Noelle’s work varies in size, scale, subject matter and treatment, from large-scale oil paintings to small mixed media pieces on canvas. The work is vibrant in colour and texture that appeal strongly to the eye with work consisting of an extraordinarily vivid panorama of colour, light and imagery, abstract and semi representational. The work to date has evolved from the figurative/narrative tradition. The choice of subject matter and treatment of it has evolved in a logical development from previous solo exhibitions, Waterways of the mind, Out of the Blue, Eve–olution, Precious Cargo and Emotional Landscape.
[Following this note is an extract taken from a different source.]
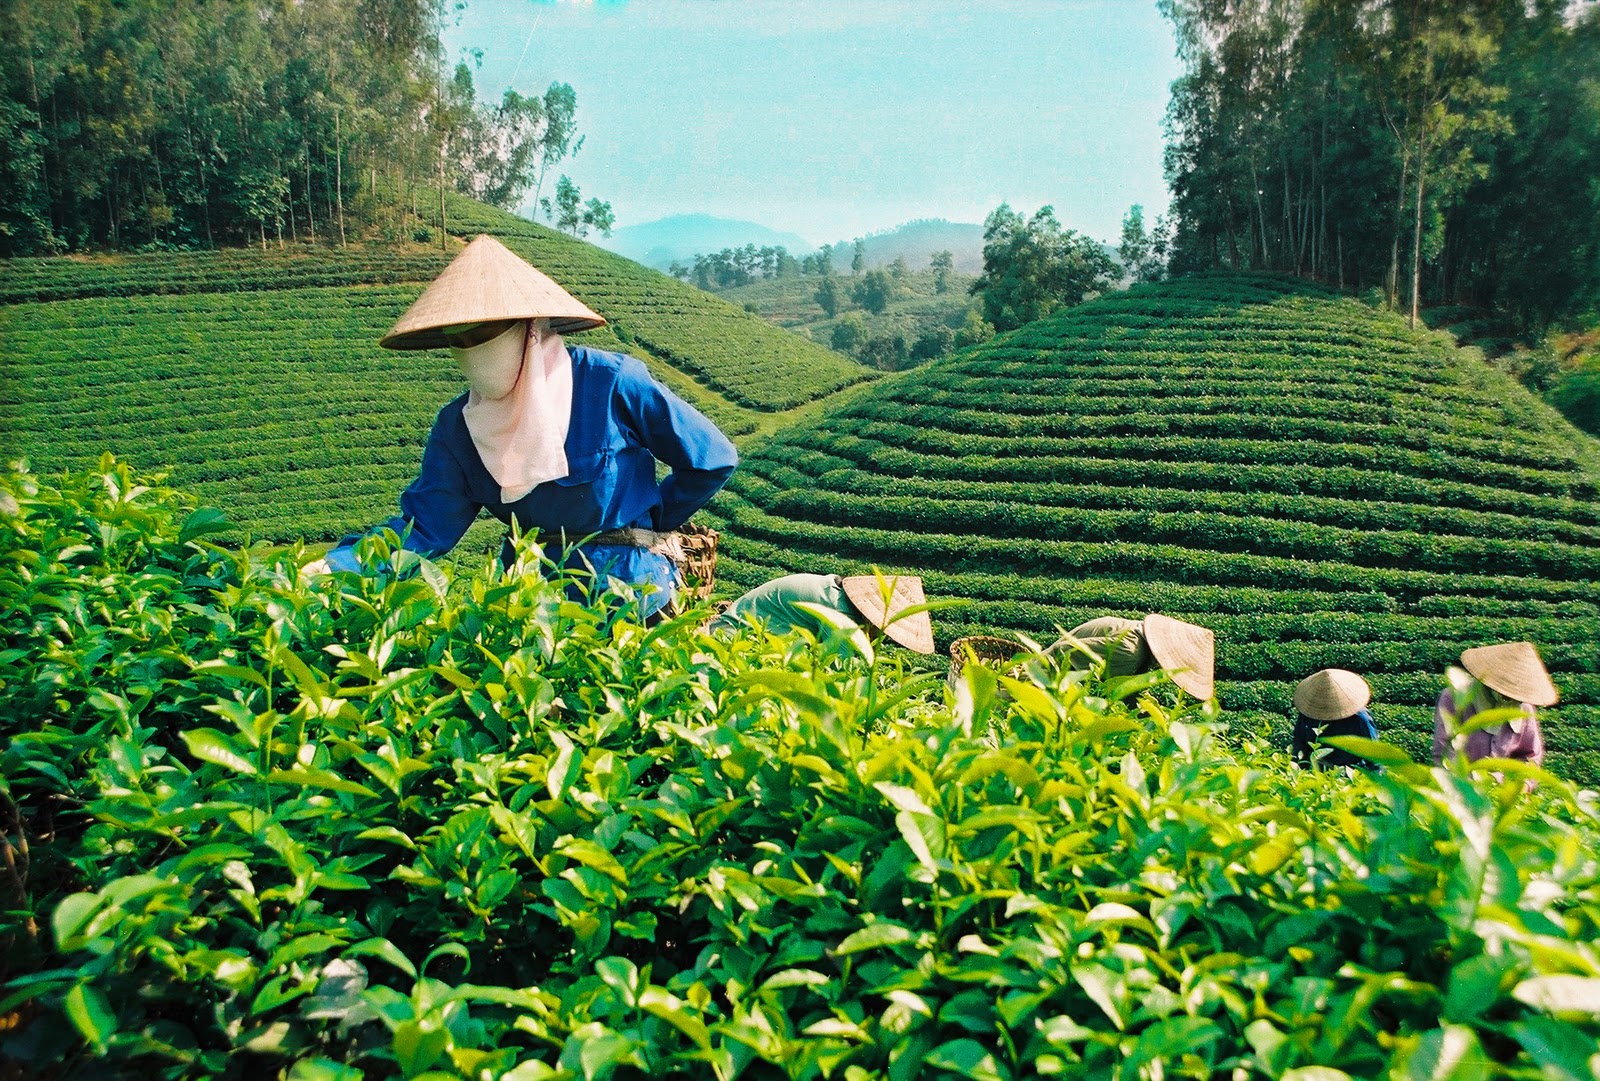  茶农把嫩绿的茶尖采摘回去炒制。 图自越通社

Abstract works are inspired by experiments with colour, texture, light and semi animated marks, traces of life that somehow continue to be figurative. The paintings in oils and acrylics cover surfaces and canvasses that have been distorted, distressed, layered with texture and colour, with fragments that have been constructed and deconstructed exposing colour beneath the surface.
Inspiration is drawn from who the artist is and where she has come from and where she is now, both the physical world the artist lives in and the private world within her that carries the Precious Cargo of the past and all its diverse, dynamic and evolving happenings, the magic of gained knowledge & personal insight. An Artist who has mined deeper with age, where with a love of emotive colour, scorched canvasses emerge, where blue tones and strong exotic tones collide, where inspiration is sought in everything and every experience, and where the artist paints large-scale as well as small, and welcomes the happy accident.
Inspiration from the work of Hodgkin’s and Hoyland have influenced recent work. Noelle says “My work has evolved, it comes from my life, my soul, experiences, memory and imagination. Shaped, nourished by events and accidental happenings, family, friendship and a sense of place.”
Northern Ireland Mental Health Arts Festival
NIMHAF is a festival highlighting mental health by showcasing arts events across Northern Ireland. With arts on offer from visual arts and photography, poetry and song to psychodrama, music, comedy and film, the festival promises to put transformation on the agenda across Northern Ireland.
Founded in 2013, the Northern Ireland Mental Health Arts Festival (NIMHAF) was the first of its kind in Northern Ireland.
“These festivals are important as they give the public an opportunity to engage with art specifically referencing mental health. They also give venues and organisations the chance to work with new artists, commission new work and connect with new audiences locally and regionally. Funding will help support the institution to programme talks, workshops and exhibitions. With the aim of bringing a range of high quality and engaging, free events to the public and creating opportunities of paid work for artists and creative practitioners based in or from Northern Ireland.”